467965 Stability Analysis of Solar Silicon Wafer Manufacturing By the Horizontal Ribbon Growth Process

Monday, November 14, 2016: 1:20 PM
Union Square 3 & 4 (Hilton San Francisco Union Square)
Jiaying Ke, B. Erik Ydstie and Aditya S. Khair, Chemical Engineering, Carnegie Mellon University, Pittsburgh, PA

The increasing demand for energy and the prospect of global warming urges the world community to seek cleaner and cheaper energy resources to replace non-renewable fossil fuels. The silicon based photo-voltaic system is one of the most promising renewable energy resources. Its application has grown rapidly during the past 2-3 decades as production cost has been reduced and the potential for application is virtually without limit.
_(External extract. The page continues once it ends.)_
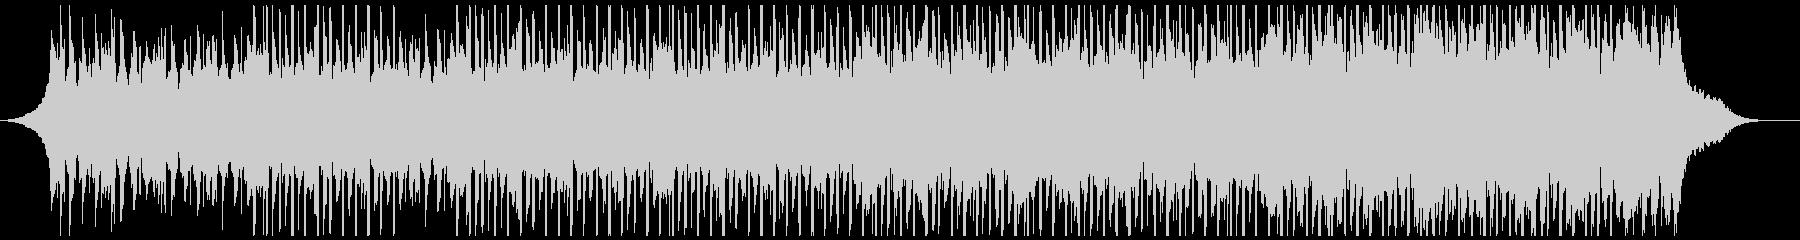 チュートリアル(中)の未再生の波形

This promotes the project of cost reduction for silicon wafer via different technology development. Traditional silicon growth processes are either expensive or compromise the material efficiency for faster production speed. The horizontal ribbon growth (HRG) process has the potential to overcome these limitations. In the HRG process, heat is removed through the top surface of the molten silicon pool, meanwhile, a thin silicon solid sheet is produced and extracted continuously. However, despite the theoretical and experimental efforts to develop and commercialize this technology for more than 60 years, many technical challenges have been reported to achieve a stable and fast ribbon production.

One of the principal challenges encountered is the instability at the wafer-melt interface due to various coupled effects. Theoretical studies have been developed for the instabilities during unidirectional solidification. In 1964, Mullins and Sekerka developed the foundation for the thermal and solutal conditions to ensure the stable crystallization front under an arbitrary sinusoidal perturbation of infinitesimal amplitude to the interface [1]. However, the flow pattern in the melt during the crystallization also plays an important role on the impurity distribution, which alters the micro-structure and macro material property of the grown crystal. This flow pattern can be induced by the rotation of the crucible or crystal, withdrawal of the material, density change during crystallization, etc. Coriell and Sekerka performed extensive studies in the coupled convective and morphological instabilities. [2][3]

In this work, we developed a linear stability theory to study the crystallization interface of the Horizontal Ribbon Growth (HRG) process. The conditions for the onset of stability are investigated theoretically and numerically on the basis of diffusion-convection equations for the thermal, solutal fields coupled to the Navier-Stokes equation describing the flow field in the molten pool near the interface. In order to understand the unexplained “facet lines” observed in the experiments, the interface stability conditions of the system under different operating conditions are tested.

  1. Mullins, W. W., & Sekerka, R. F, “Stability of a planar interface during solidification of a dilute binary alloy,” Journal of applied physics35(2), 444-451(1964).
  2. Coriell, S. R., Cordes, M. R., Boettinger, W. J., & Sekerka, R. F, “Convective and interfacial instabilities during unidirectional solidification of a binary alloy,” Journal of Crystal Growth49(1), 13-28 (1980).
  3. Coriell, S. R., McFadden, G. B., Boisvert, R. F., & Sekerka, R. F, “Effect of a forced Couette flow on coupled convective and morphological instabilities during unidirectional solidification,” Journal of crystal growth,69(1), 15-22 (1984).